C’est un document unique, individualisé et actualisé regroupant l’ensembledes informations concernant une personne soignée et/ou son entourage.
Il prend en compte l’aspect :
Préventif
Educatif
Curatif
Relationnel du soin
Pourquoi un dossier de soin individualisé ?
Pour promouvoir la qualité des soins et la sécurité de la personne soignée dans la continuité des soins réalisés par l’équipePour organiser le travail infirmier et aide-soignant à partir des besoins des personnes soignées, et non à partir des tâches à réaliser
Pour promouvoir la démarche de soin en équipe et l’identification d’un projet de soin pour la personne soignée, connu de tous.
Pour la sécurité des soignants. En effet, le dossier de soin est archivé avec le
dossier médical.

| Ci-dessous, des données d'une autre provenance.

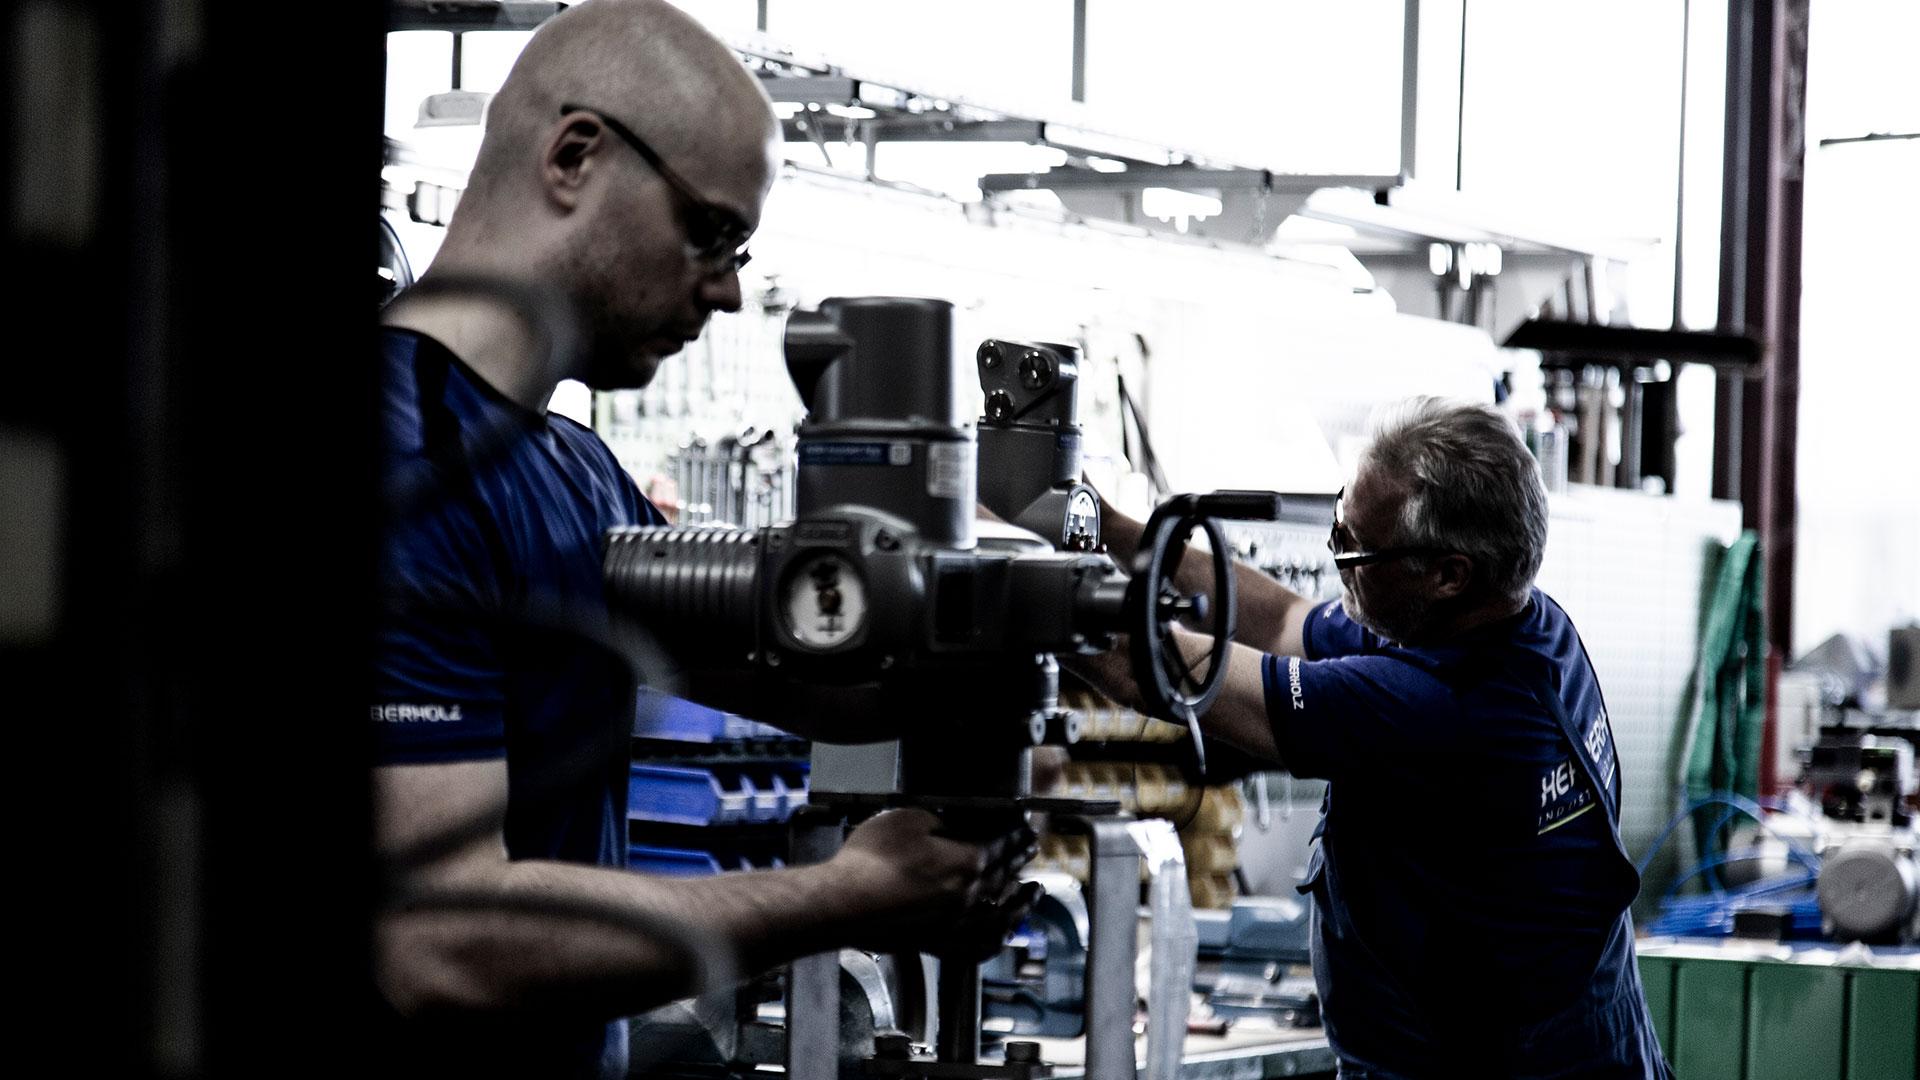 Industriearmaturen drosselklappen regelklappen absperrklappen herberholz engineering

En cas de litige, le dossier de soin est un document légal
pouvant être consulté par les tribunaux.
Pour les tribunaux :
Le dossier de soins est une pièce qui peut être saisie par le juge d’instruction ; il a une valeur juridique incontestable.
Tout dossier non complet est réputé « NEGLIGENCE »
Toute observation non signée est réputée « DISSIMULEE »
Toute action non écrite est réputée « NON FAITE »
En conséquence, on doit retrouver dans le dossier de soin :
Une écriture lisible (pas d’abréviation) et identifiable (horodatée, fonction, signature)
Transcrire des éléments pertinents, exacts, précis, complets portants sur :
Observations faites et informations recueillies auprès de la personne soignée et/ou de son entourage
Le suivi prévu des soins
Exemple : soin de bouche à réaliser :
Quand ?
Avec quoi ?
Pourquoi ?
NE PAS FAIRE DE TRANSMISSIONS DE TYPE :
RAS (recueil anormalement succinct !!!)
Toilette faite (pas assez spécifique).
Législation : Le décret n° 2002-194 du 11 février 2002, article 3, dispose que relève du rôle
propre infirmier « la conception, l’utilisation et la gestion du dossier de soins infirmier ».
Le décret du 16 février 1993 dispose que l’infirmière « a le devoir d’établir
correctement les documents nécessaires aux patients. » (Art. 16). A cet effet, elle « établit pour chaque patient un dossier de soins infirmiers contenant tous les éléments relatifs à son rôle propre et permettant le suivi du patient » (art. 28). Le décret du 30 mars 1992 reconnaît la place du dossier de soins infirmiers dans le dossier médical du patient.
Toutes personnes participant aux soins aux patients, faisant partie statutairement de l’équipe de soins et ayant à transmettre des
informations nécessaires aux soins.
Toute personne qui écrit ou dispense des soins doit être identifiable.
Quelles informations sont recueillies dans le dossier du patient ?
Les informations nécessaires pour dispenser les soins : transmissions ciblées et
diagramme de soins, résultats de laboratoire, feuille de diététique, etc.
Les prescriptions médicales.
Les informations à caractère administratif, social et éducatif.
Aucune information à caractère subjectif ou en forme de jugement du patient ne
peut figurer sur le dossier de soins. Les informations doivent être pertinentes,
nécessaires et non excessives, horodatées et signées.
LE DOSSIER DE SOINS DU PATIENT REGROUPE :
LE DOSSIER MEDICAL ET LE DOSSIER DE SOINS INFIRMIERS
Avantages :
Regroupe toutes les informations relatives au patient.
Facile d’utilisation.
Accessible à tous.
Permet la traçabilité des informations.
Tous les acteurs de soins y transcrivent leurs données (transmissions répétitives, transmissions ciblées, données médicales, etc.)
Attention, ce qui n’a pas été écrit est censé ne pas avoir été fait
Inconvénients :
Pas accessible tout le temps.
relecture parfois difficile.
précision du vocabulaire parfois manquante.
LA FEUILLE DE TEMPERATURE (de moins en oins utilisé recours au logiciel de soins se généralise)
Données évolutives accessibles rapidement.
Vision globale et rapide pour faire les liens entre les différentes données.
Eléments de surveillance horaire ou journalière.
Outil visuel.
Inconvénients :
Pas de respect du secret professionnel si elle reste dans la chambre.
Parfois illisible (couleurs, quantité de données, etc.)
Feuille volante qui peut être perdue.
Accessible et donc falsifiable.
Conseils :
Ecrire lisiblement, respecter les codes couleurs.
Ecrire rapidement les données recueillies.
Placer cette feuille dans le dossier de soins du patient.